Le système de défense antimissile balistique US échoue lamentablement à un audit de cybersécurité
Des manquements graves identifiés sur des sites

Le , par Michael Guilloux

89PARTAGES

15  0 
Aucun chiffrement de données, aucun mécanisme d'authentification multifacteur et une vulnérabilité datant de 1990 non encore corrigée, voici entre autres quelques défaillances relevées par l'Inspecteur Général du Département américain de la Défense (DoD IG), après un audit de cybersécurité de certains sites gérant les éléments ou informations techniques du Ballistic Missile Defense System (BMDS).
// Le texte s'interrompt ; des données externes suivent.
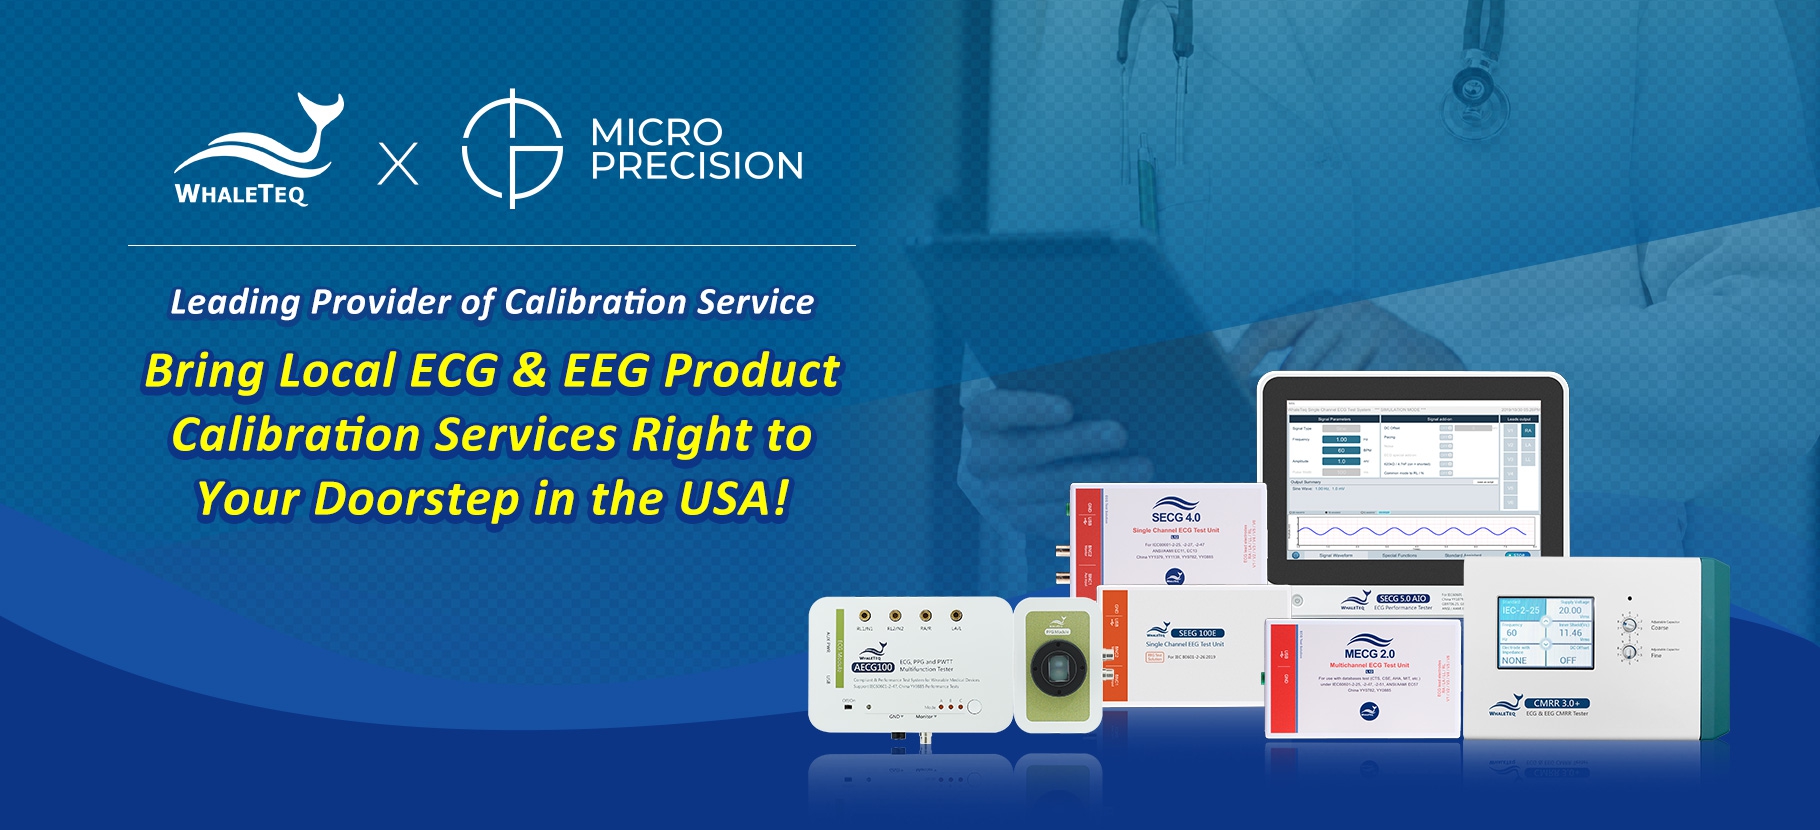 Exciting News! WhaleTeq Offers On-Site Calibration in the USA!
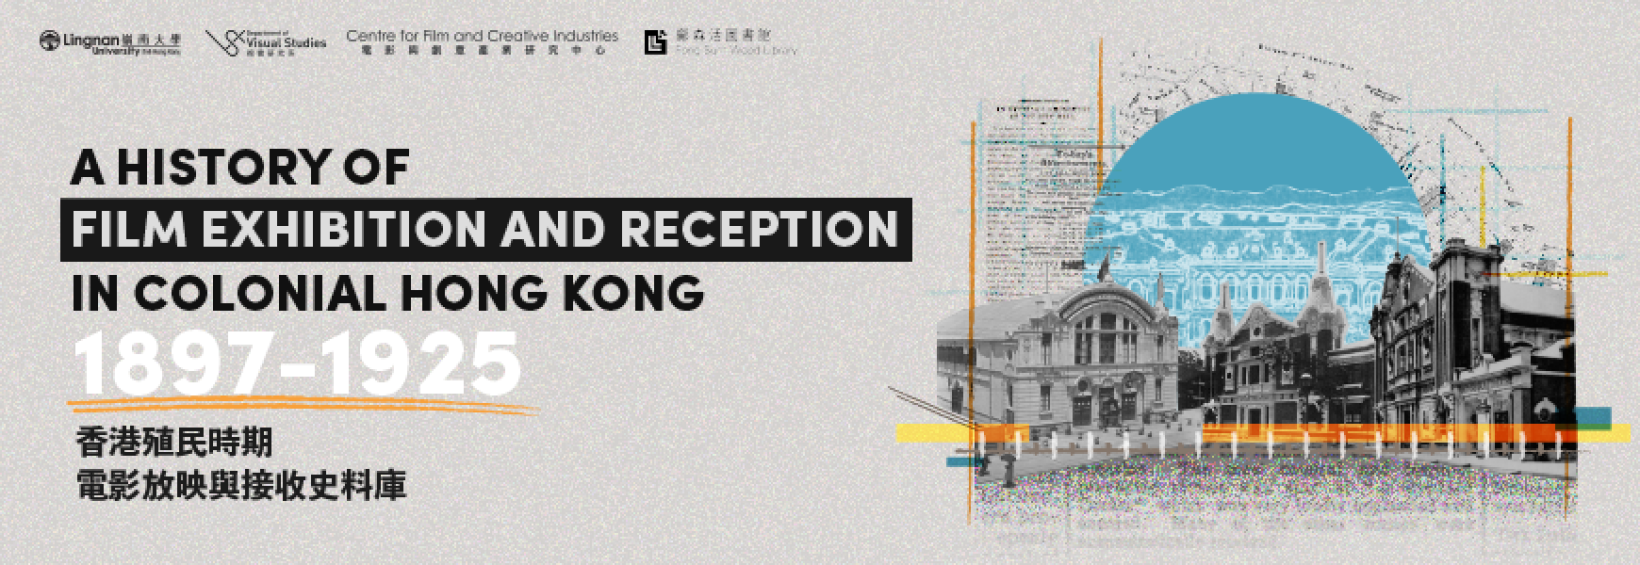 New open-access database launched to showcase history of film exhibition and reception in Colonial Hong Kong

Pour information, le BMDS est le système américain de défense antimissile balistique géré par l'agence de défense antimissile (Missile Defense Agency ou MDA) des USA. Il vise à contrer les missiles balistiques à courte, moyenne et longue portée qui ciblent les États-Unis d’Amérique. Comme un tel système est contrôlé par des ordinateurs et des logiciels, il peut facilement être la cible d'attaques parrainées des États, dans le but d'en prendre le contrôle, l'endommager ou de voler des informations classifiées et du code source. Garantir sa sécurité est donc très important, mais un récent rapport de l'Inspecteur général du Département de la Défense (DoD IG) montre que le système de défense antimissile n'implémente pas du tout correctement les mesures de cybersécurité adéquates.


Le rapport, qui a été préparé plutôt cette année, fait suite à un audit de cybersécurité dans les installations du DoD pour la protection du système de défense antimissile balistique. Les responsables du bureau de l'Inspecteur Général du DOD ont choisi au hasard cinq sites qui gèrent des éléments et informations techniques du BMDS. Et l'audit a permis d'identifier des faiblesses graves sur les sites des contractants de la MDA concernant l'accès au réseau, la gestion des vulnérabilités et l'examen des journaux d'audit du système.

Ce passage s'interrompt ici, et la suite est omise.